I have a question about levenshtein distance in fulltext search. We have a query like:
fulltext(‘data.*’, ‘XXX~2’, ‘AND’)
where XXX is the search word. For example we have object with title ( data.title ) ‘Enonic’ and we want to return this object when user search for ‘Enon’. Everything works fine with words in latin characters. However it doesn’t work for word ‘Grønnsaker’. User tries to search text ‘Grønnsak’. Is this a limitation from elasticsearch - https://www.elastic.co/guide/en/elasticsearch/reference/current/common-options.html#fuzziness ?
Seems like there is a bug there when applying the fuzzy-operator to the phrase. All special characters should be ascii-folded both index and query-time, meaning that grønnsaker should be indexed and queried as “gronnsaker”

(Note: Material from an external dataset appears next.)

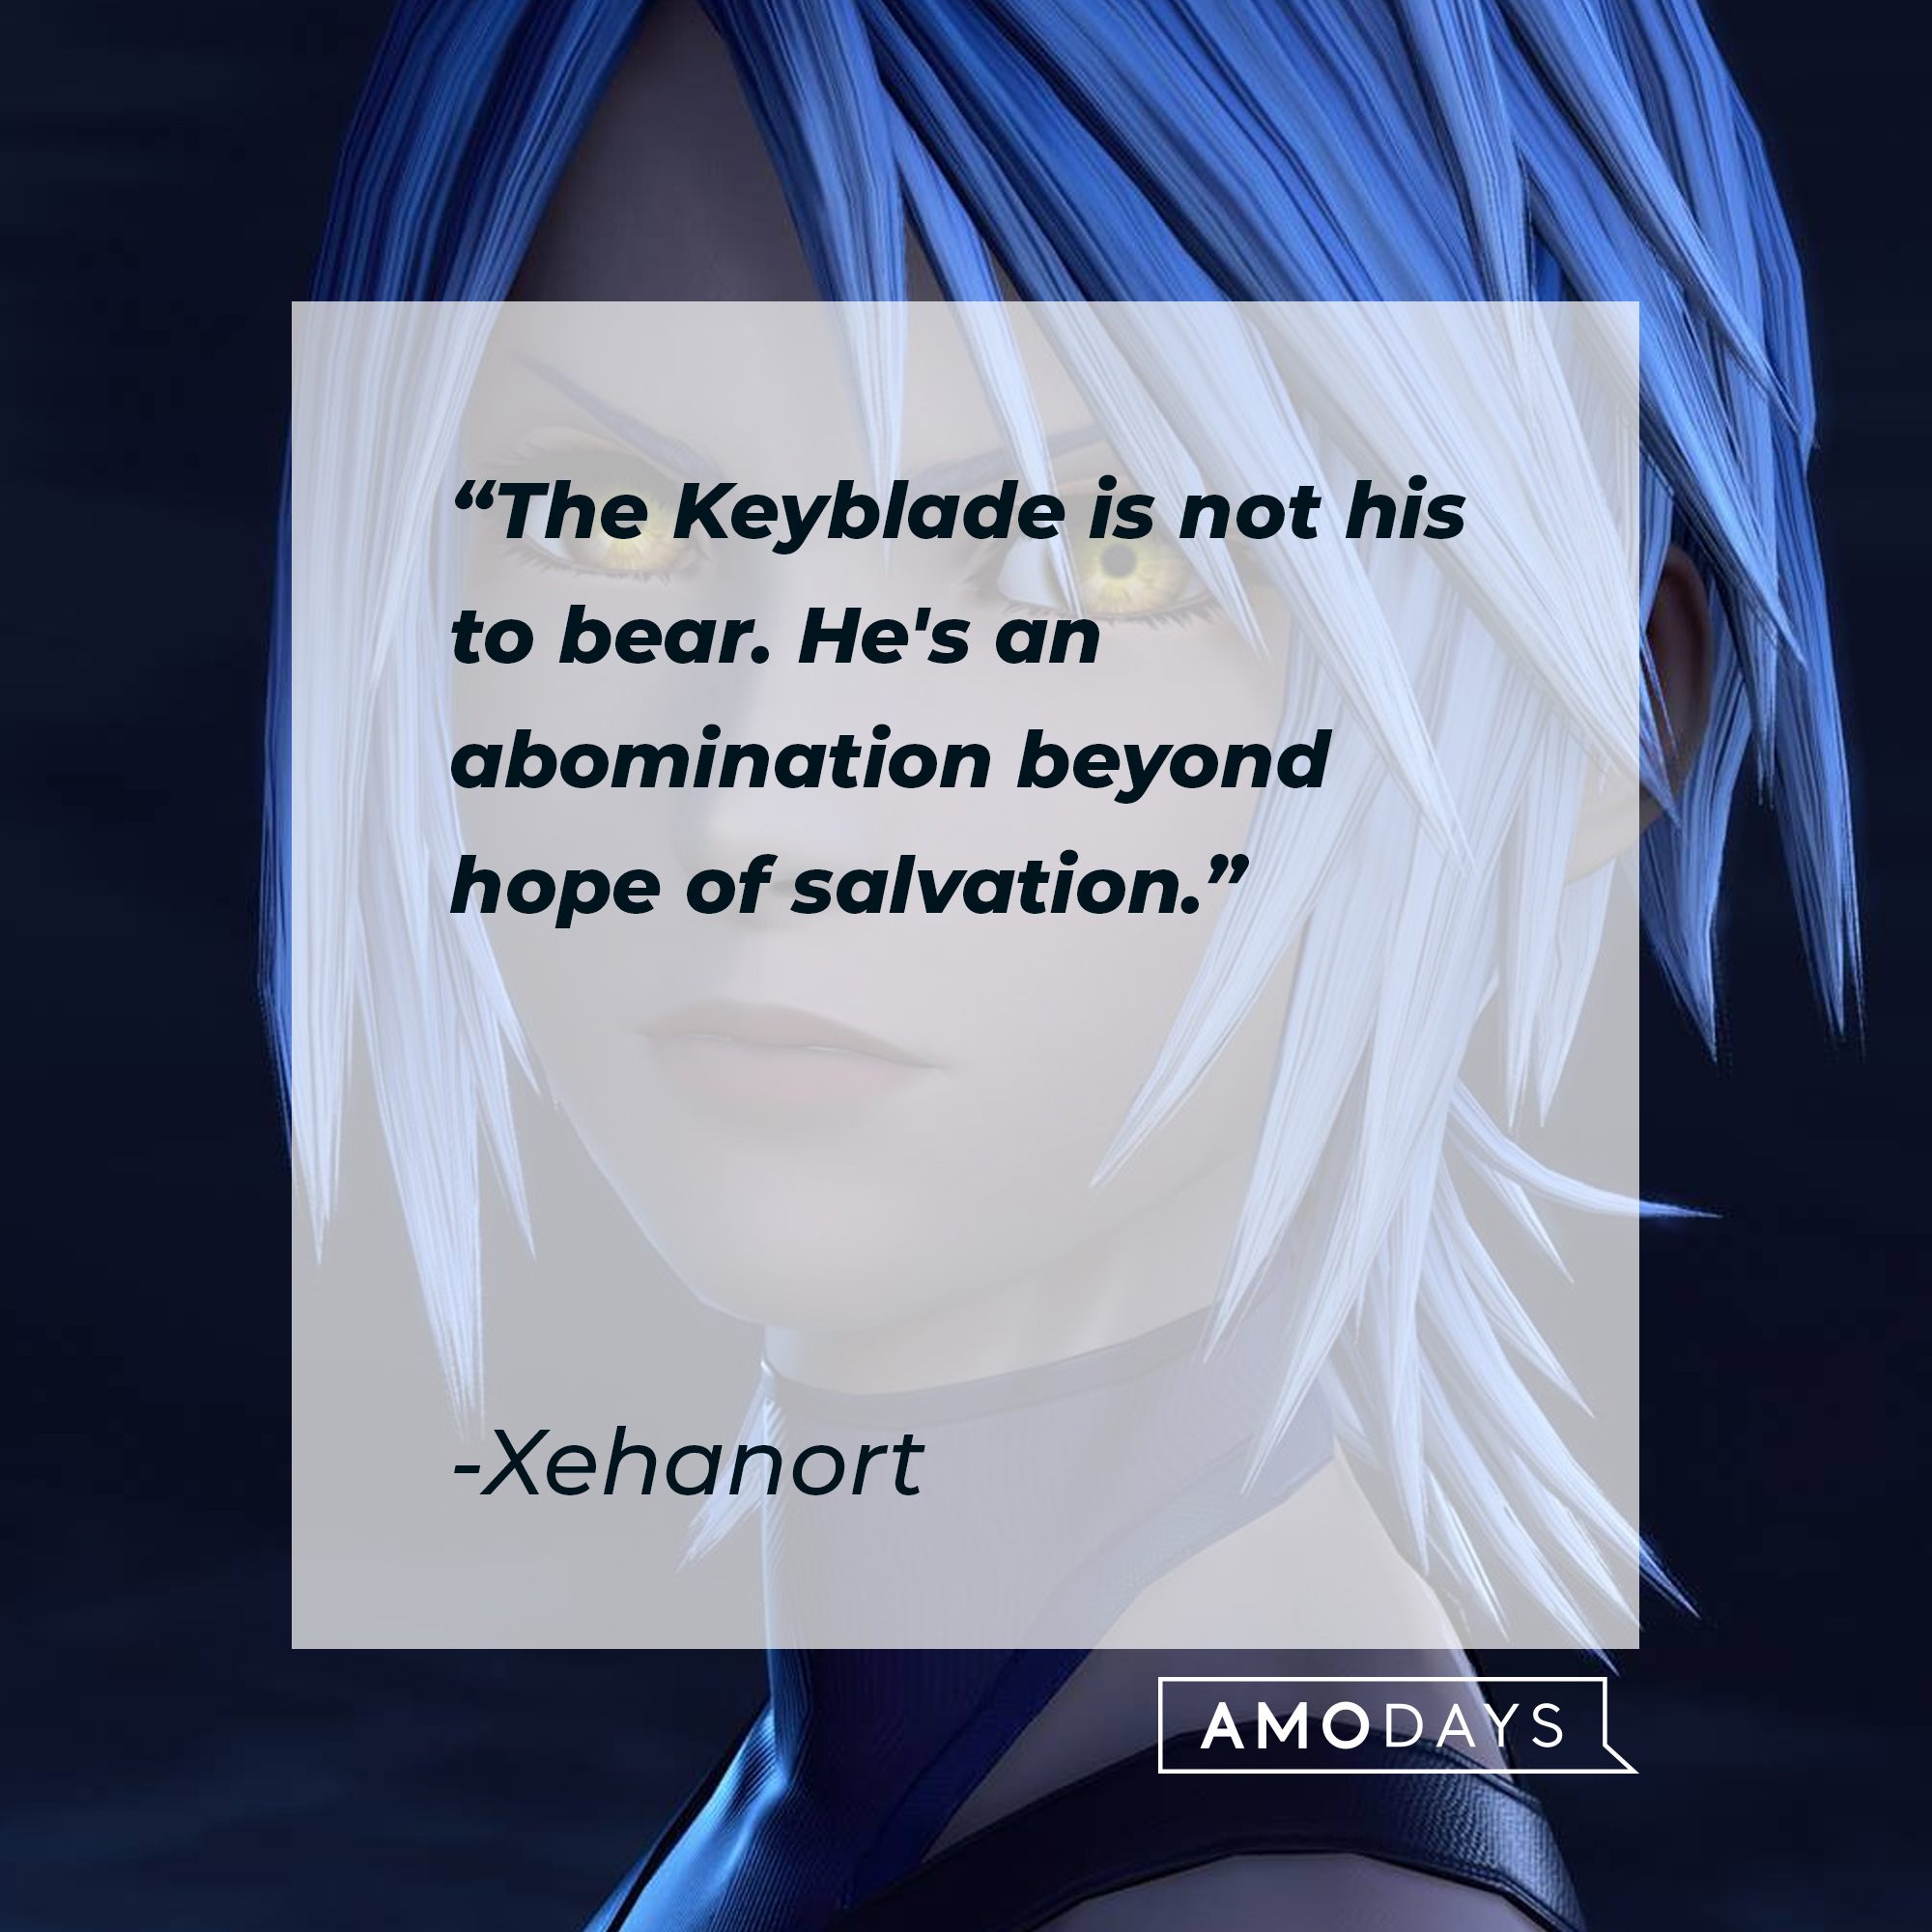 An image of Riki with Xehanort’s quote: “The Keyblade is not his to bear. He's an abomination beyond hope of salvation.” | Source: facebook.com/KingdomHearts
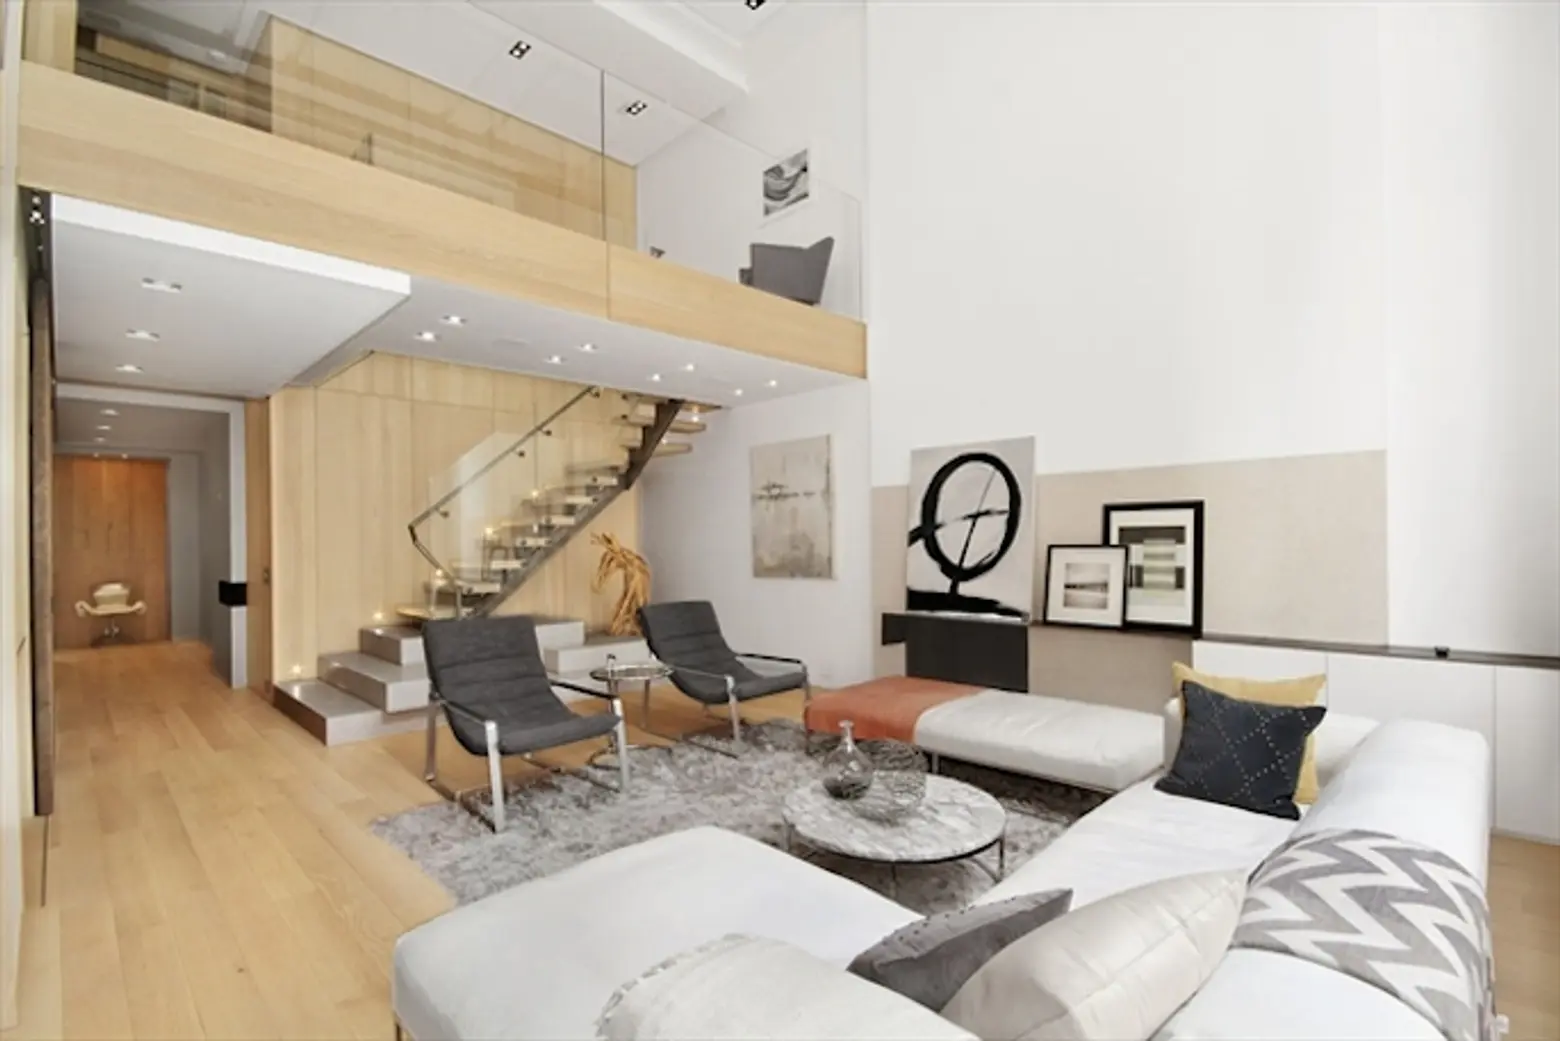 Sleek $8.5M Central Park West Pad Returns Asking Twice the Price

Ill create an issue for this. In the mean-time, you could either use the ngram-query in addition to the fulltext (to get a match on beginnings, but obviously wont work on everything that the fuzzy-operator does), or as a workaround do the ascii-folding yourself on the search-phrase (e.g https://github.com/mplatt/fold-to-ascii)
A bit more info on this one. The issue with fuzzy operators is a known bug in Elastic Search, see discussion on their forum, also their internal discussion inside Github issue, where they first deprecate and then undeprecate fuzzy-operator. We could rewrite our analyzer function to handle such queries but it’s quite a bit of work. Not dropping it, just saying that this is not coming soon.
The good news is that the second part of the issue (wildcards preventing analysis of search results) seems to be easier to fix. Created a separate issue for that: https://github.com/enonic/xp/issues/7569.